▶ **RAW DATA**
◇ ◇ ◇ ◇ ◇

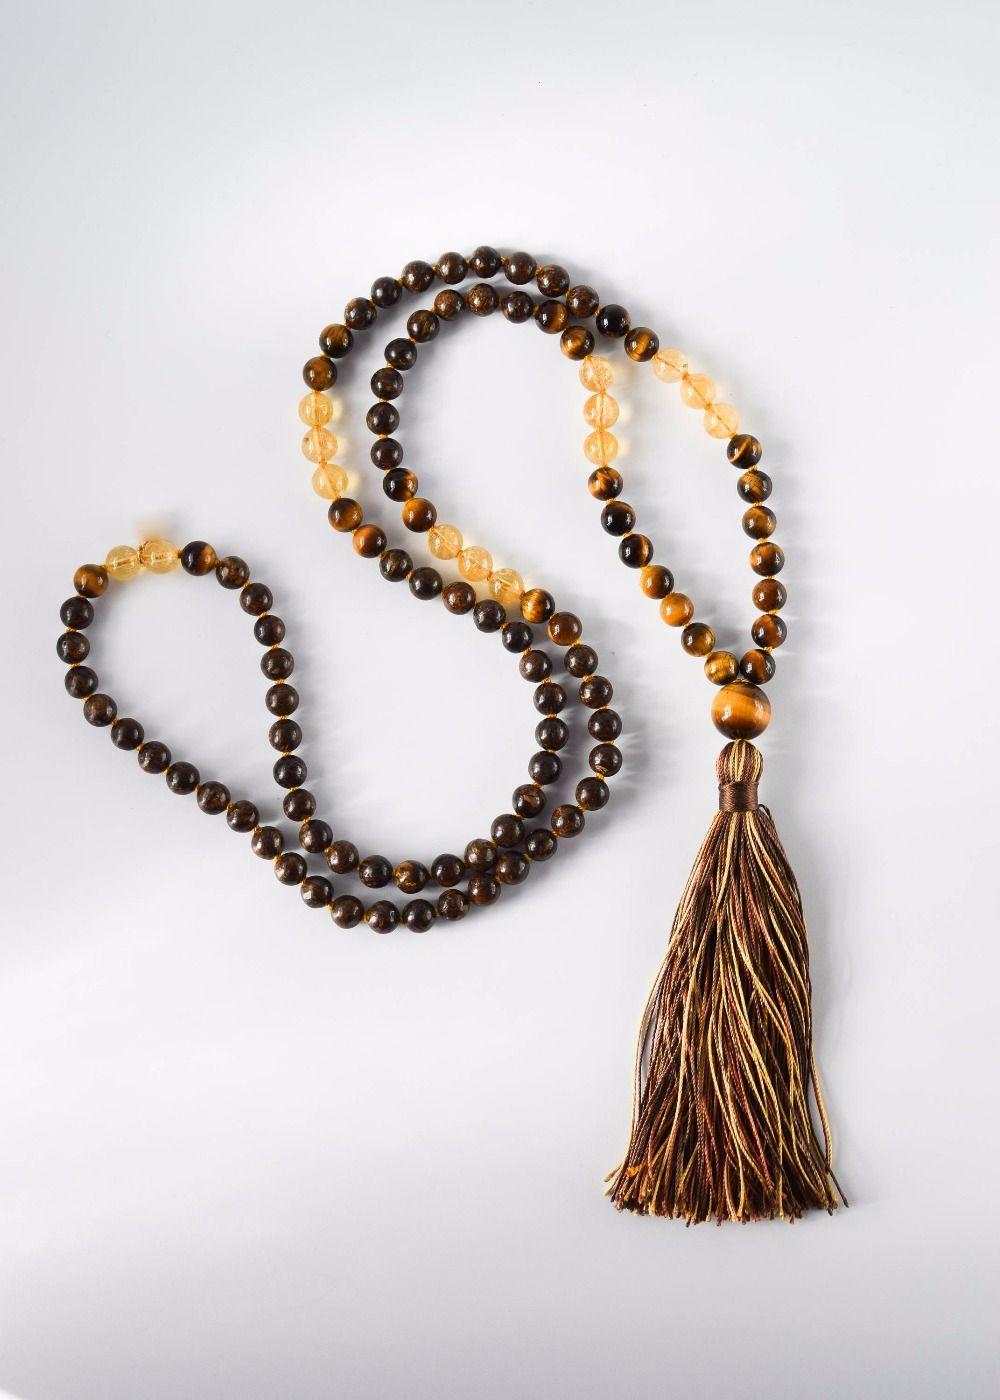 108 Mala Contas Colar de Quartzo Amarelo Natural Pedra de Olho de Tigre Colar Colares Dos Homens Oração Yoga Colares de Meditação
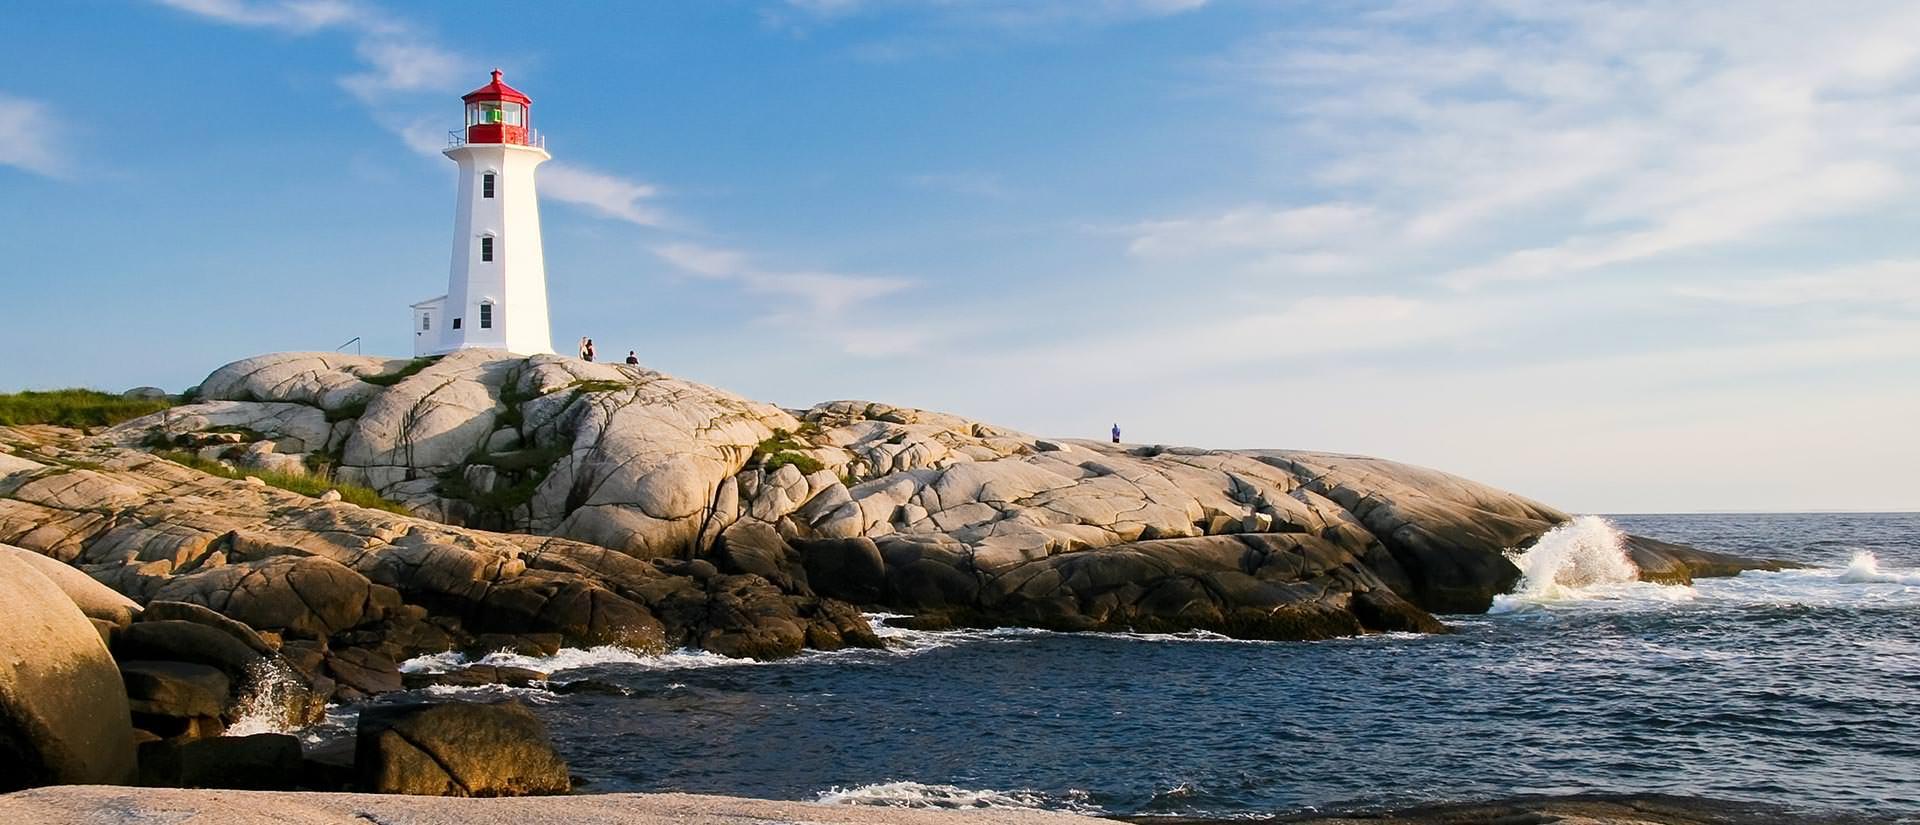 טיול לארה''ב ומזרח קנדה - 16 יום - טיול שלכת מבוסטון ופארק אכדיה אל פרובינציית נובה סקוטיה
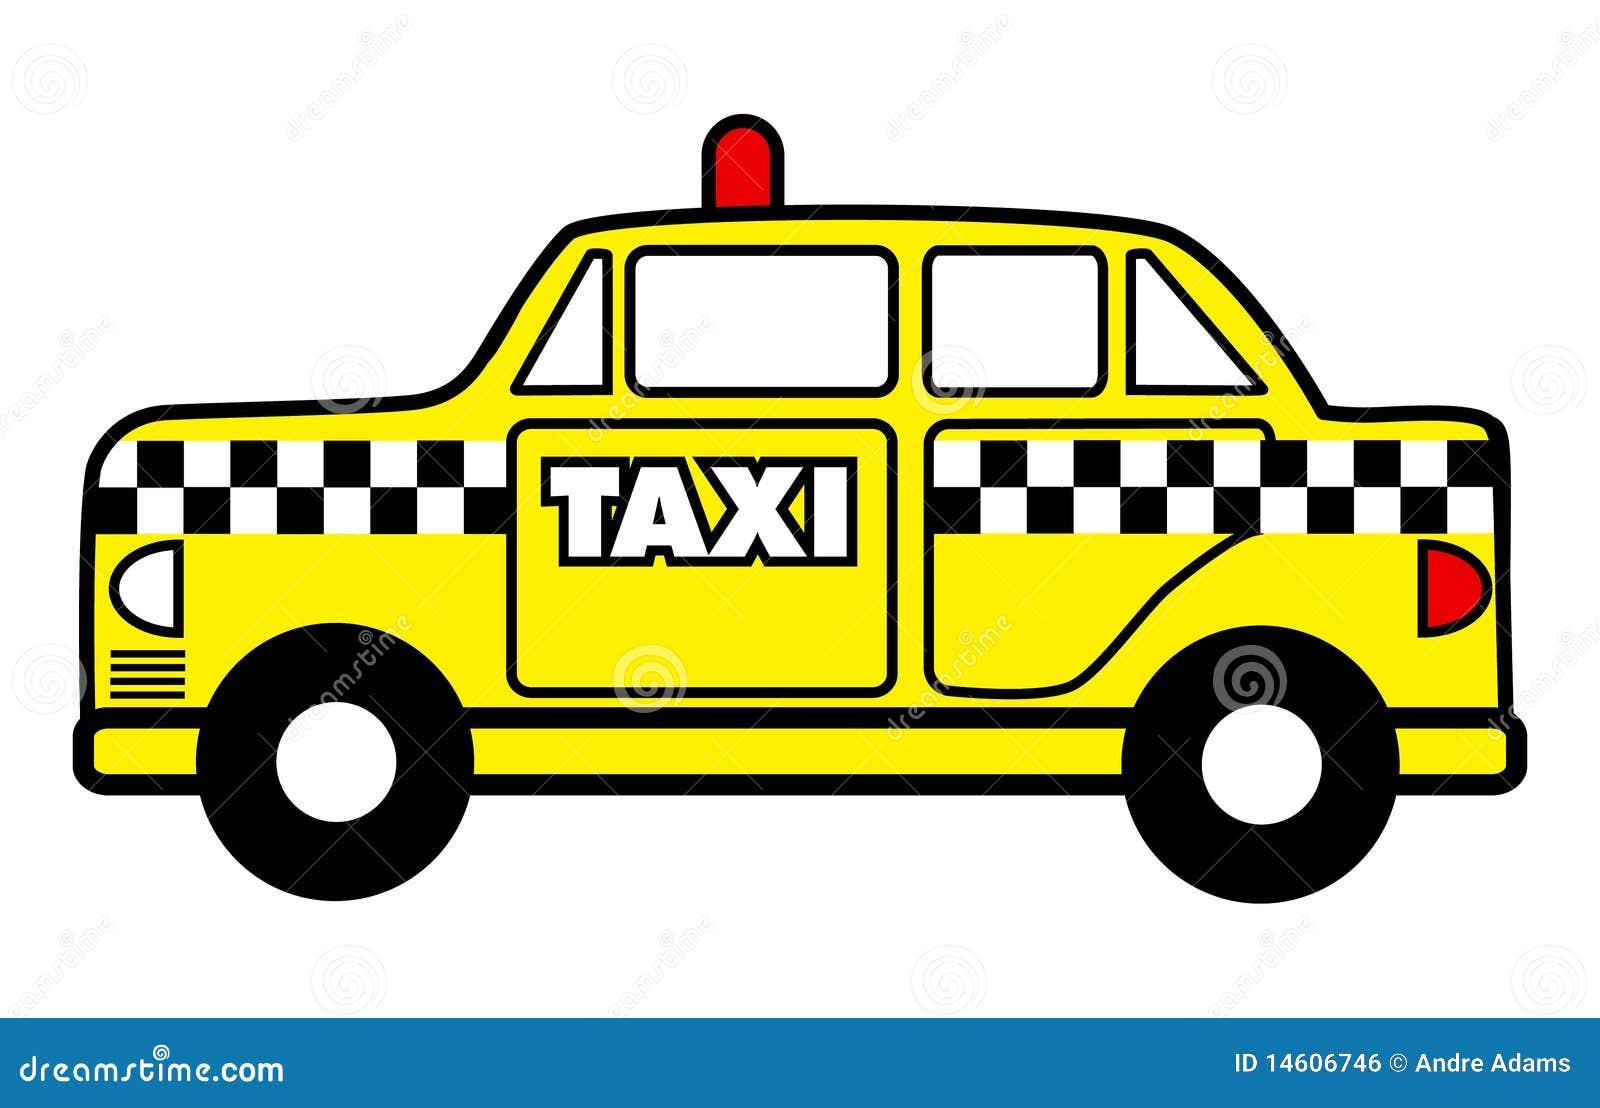 Táxi de táxi

◇ ◇ ◇ ◇ ◇

▶ **WHAT NEEDS TO BE DONE**
Transcribe the material exactly, leaving every picture out.

▶ **THE COMPLETED TASK**
 108 Mala Contas Colar de Quartzo Amarelo Natural Pedra de Olho de Tigre Colar Colares Dos Homens Oração Yoga Colares de Meditação
 טיול לארה''ב ומזרח קנדה - 16 יום - טיול שלכת מבוסטון ופארק אכדיה אל פרובינציית נובה סקוטיה
 Táxi de táxi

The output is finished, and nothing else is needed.